When you reach the line containing "Более 1,5 млн", begin reproducing the material exactly, stop after the line containing "InStyler V2.0 rotating hair iron", and leave out any pictures along the way.

(DATA FOR THIS TASK):
----

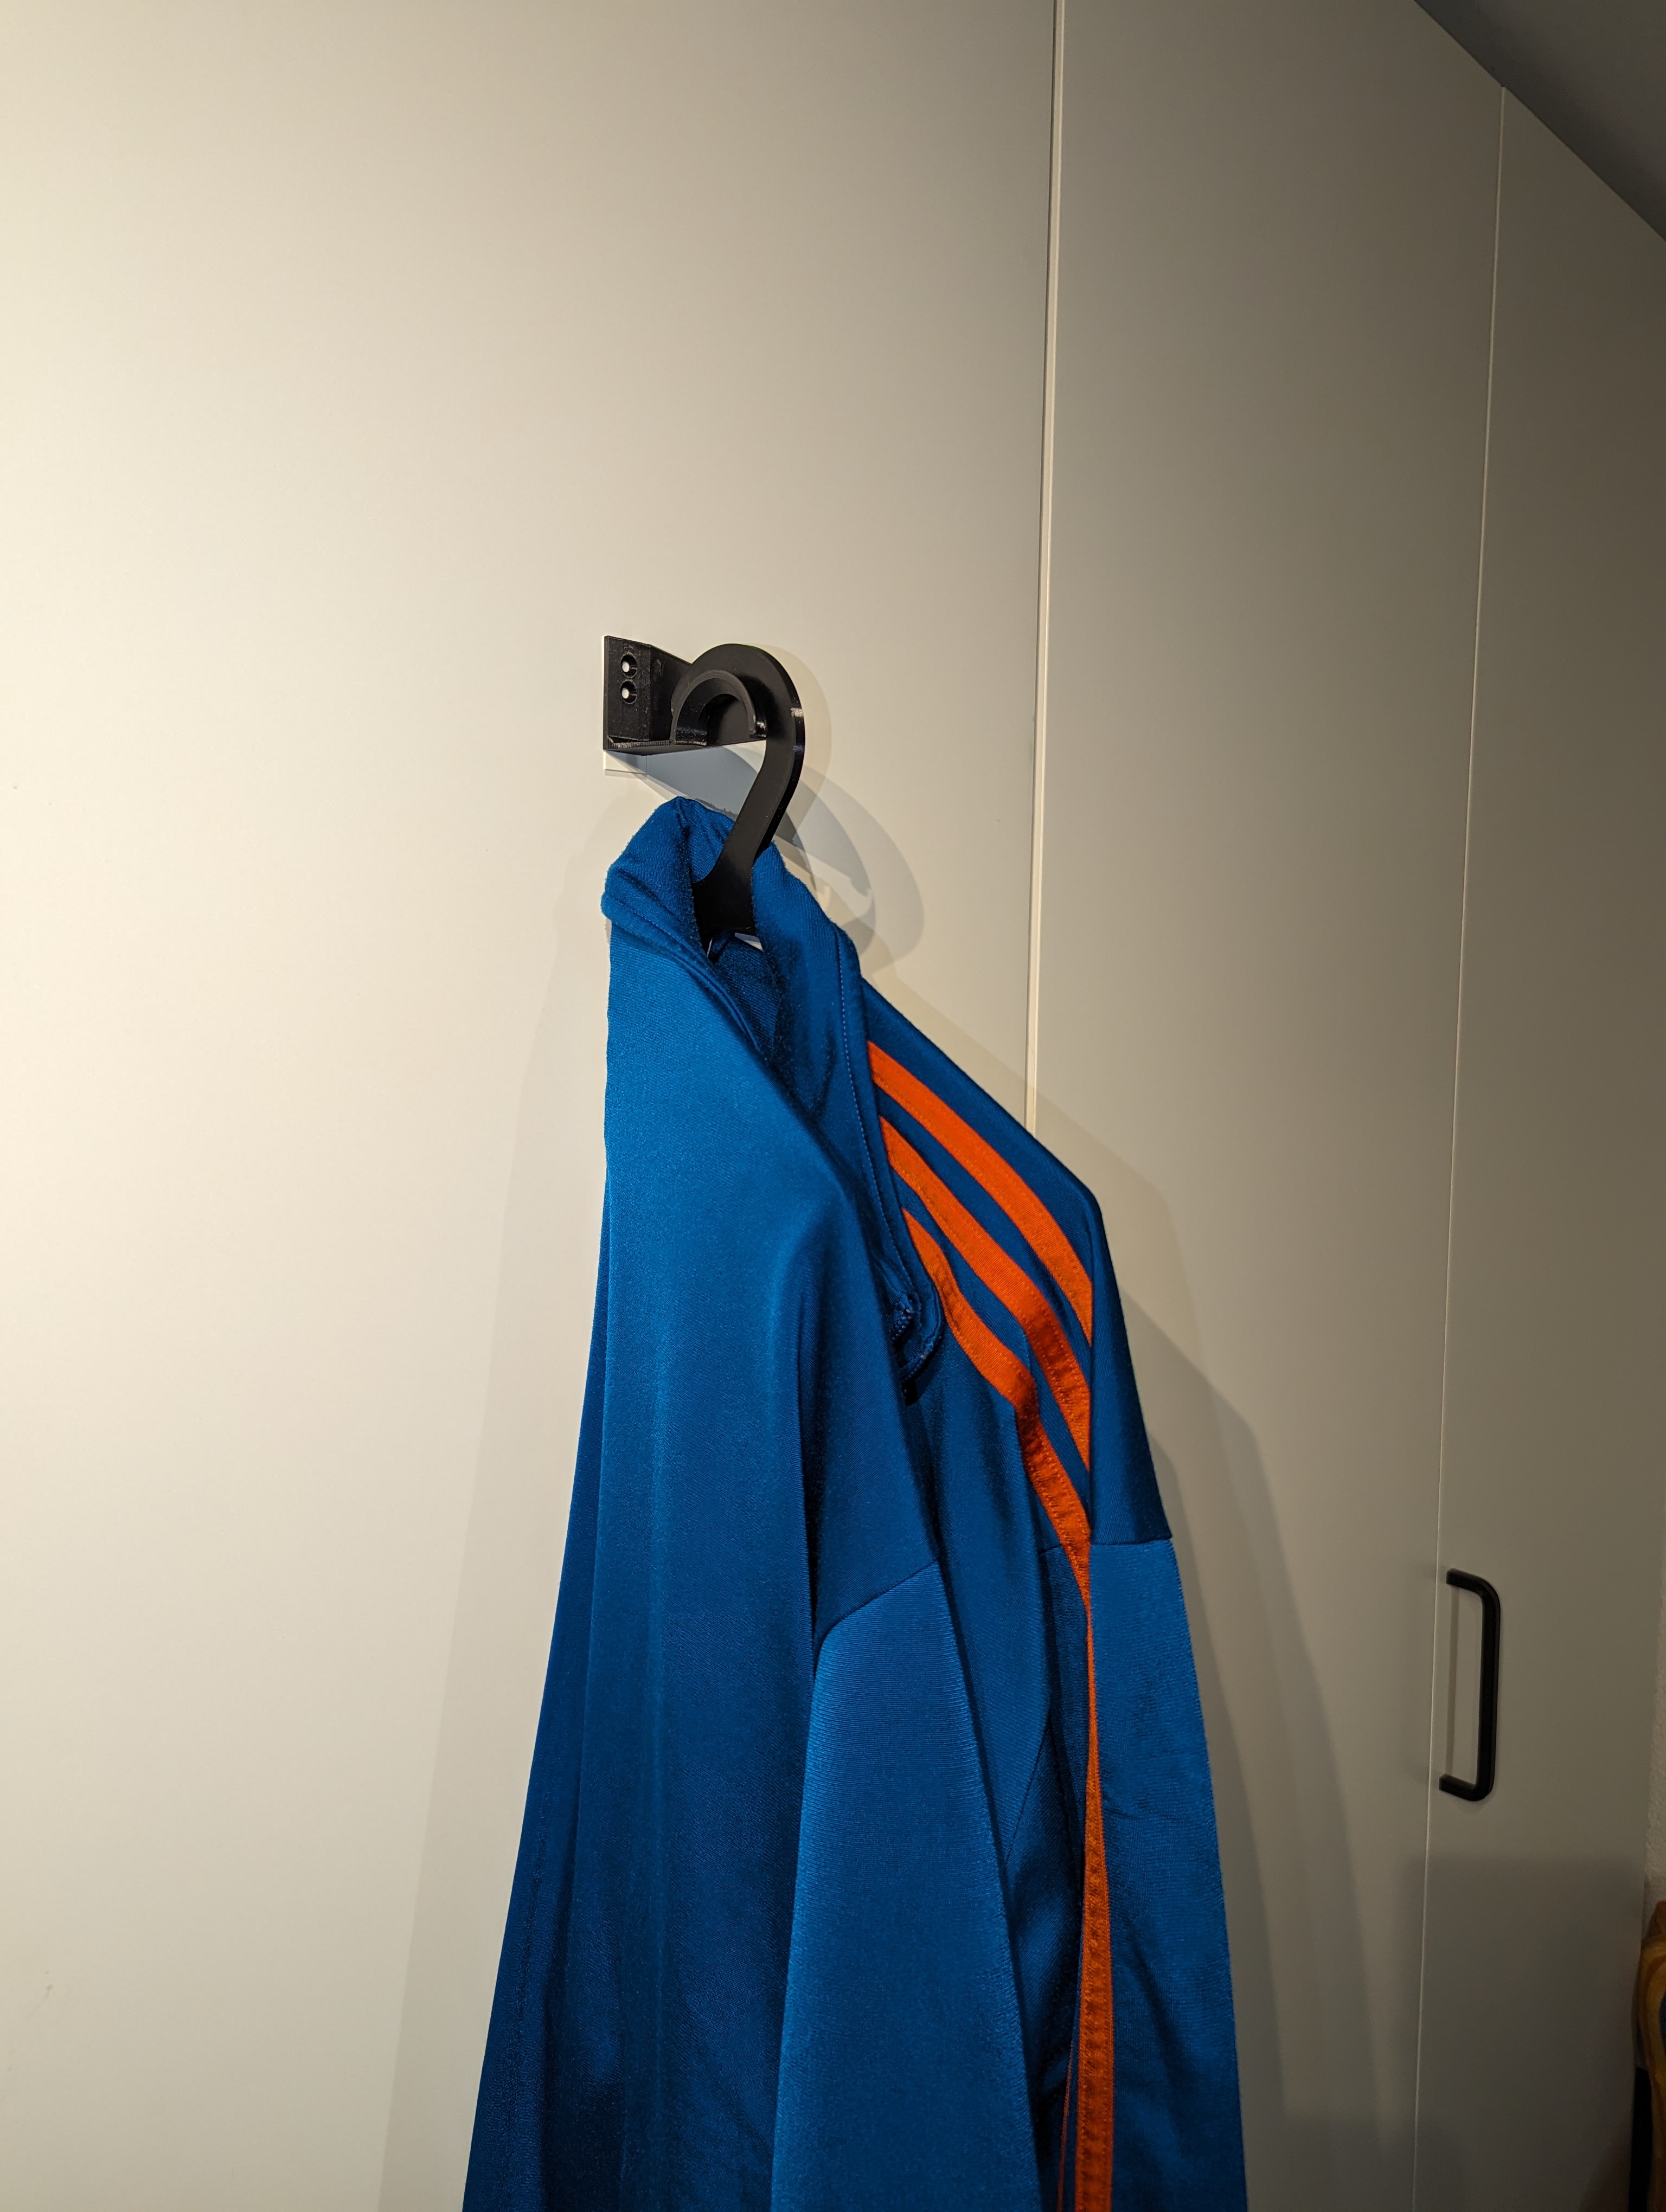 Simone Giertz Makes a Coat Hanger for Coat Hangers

----

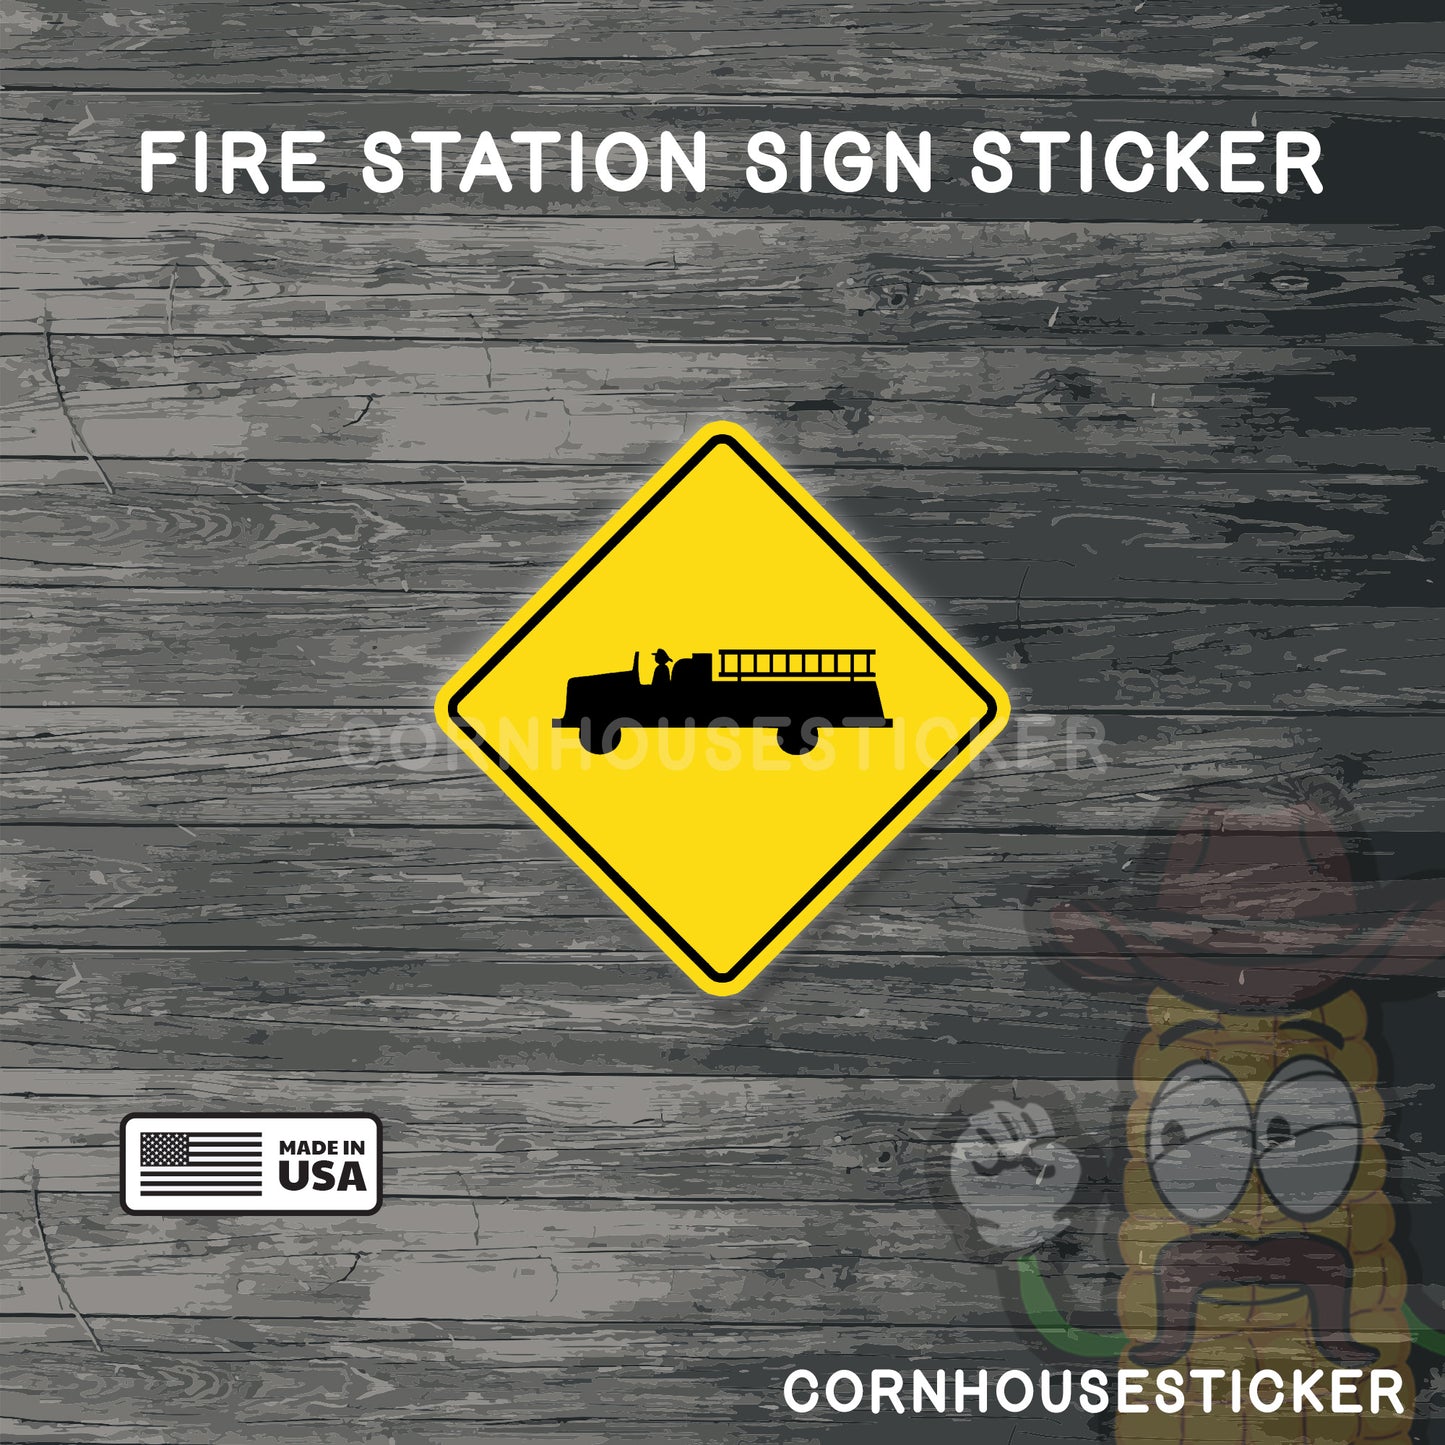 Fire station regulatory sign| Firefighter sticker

----

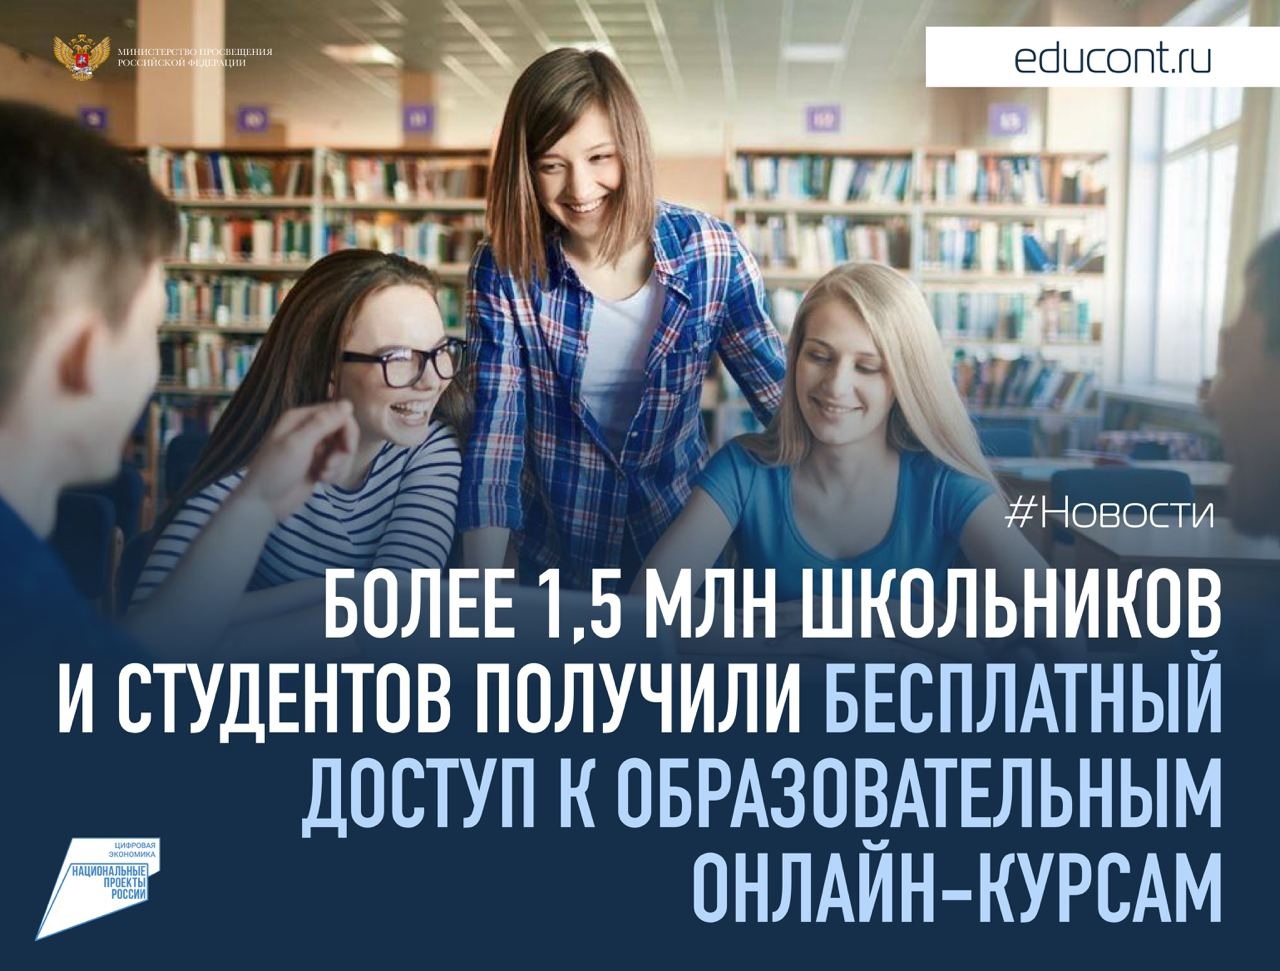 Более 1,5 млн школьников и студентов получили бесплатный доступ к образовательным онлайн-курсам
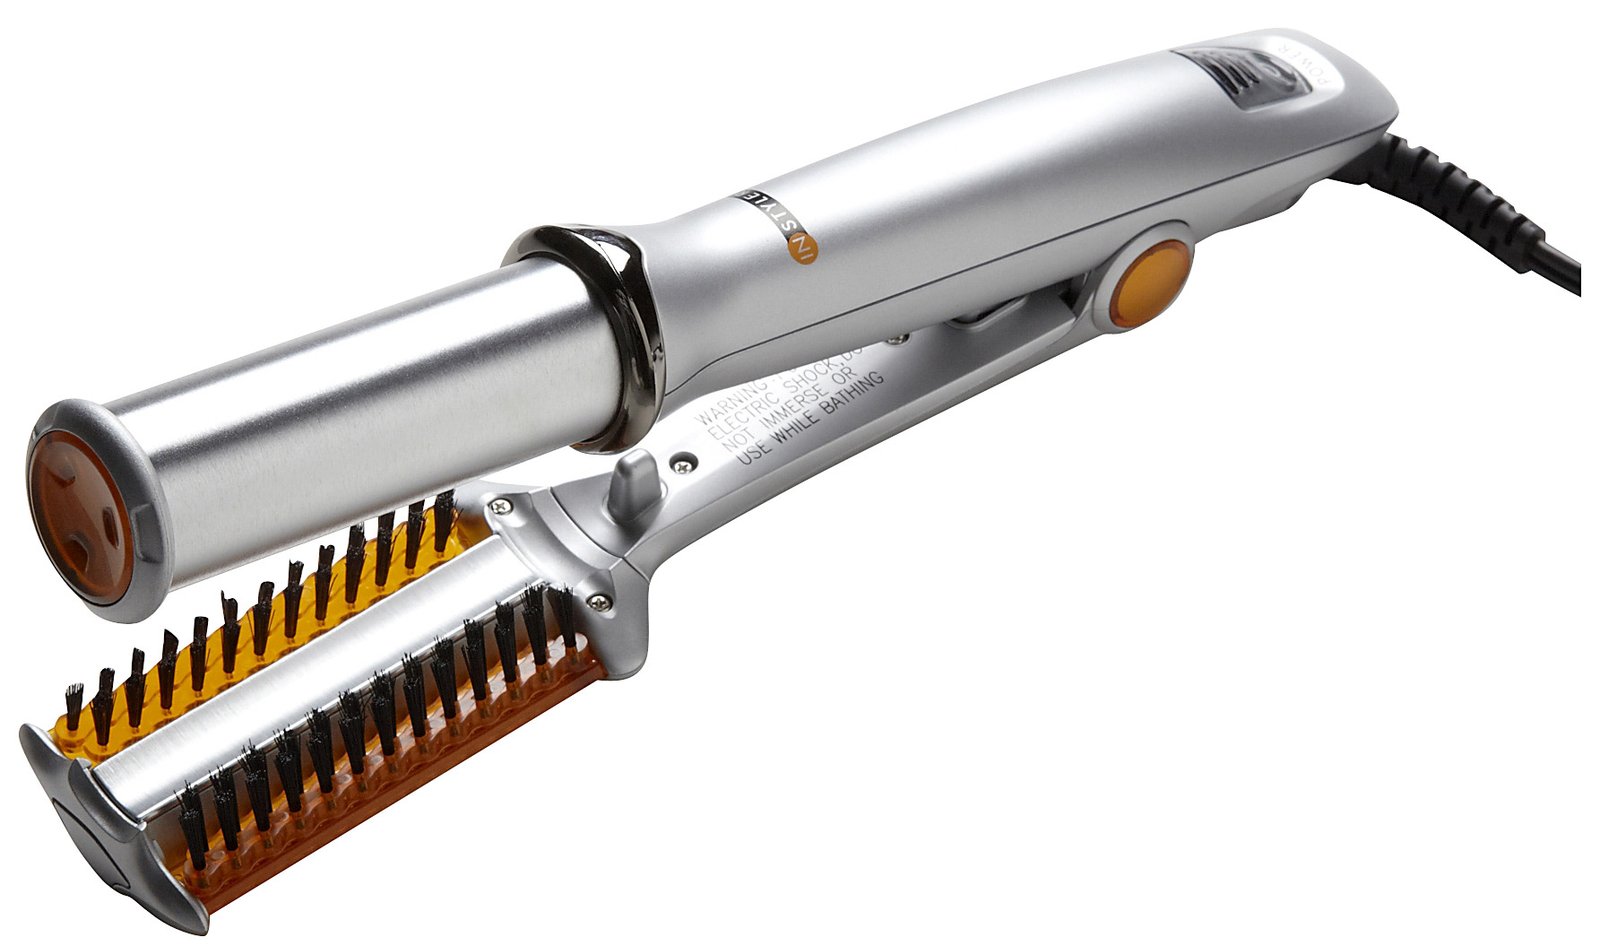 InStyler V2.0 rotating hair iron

----

(SOLUTION TO THE EXERCISE):
 Более 1,5 млн школьников и студентов получили бесплатный доступ к образовательным онлайн-курсам
 InStyler V2.0 rotating hair iron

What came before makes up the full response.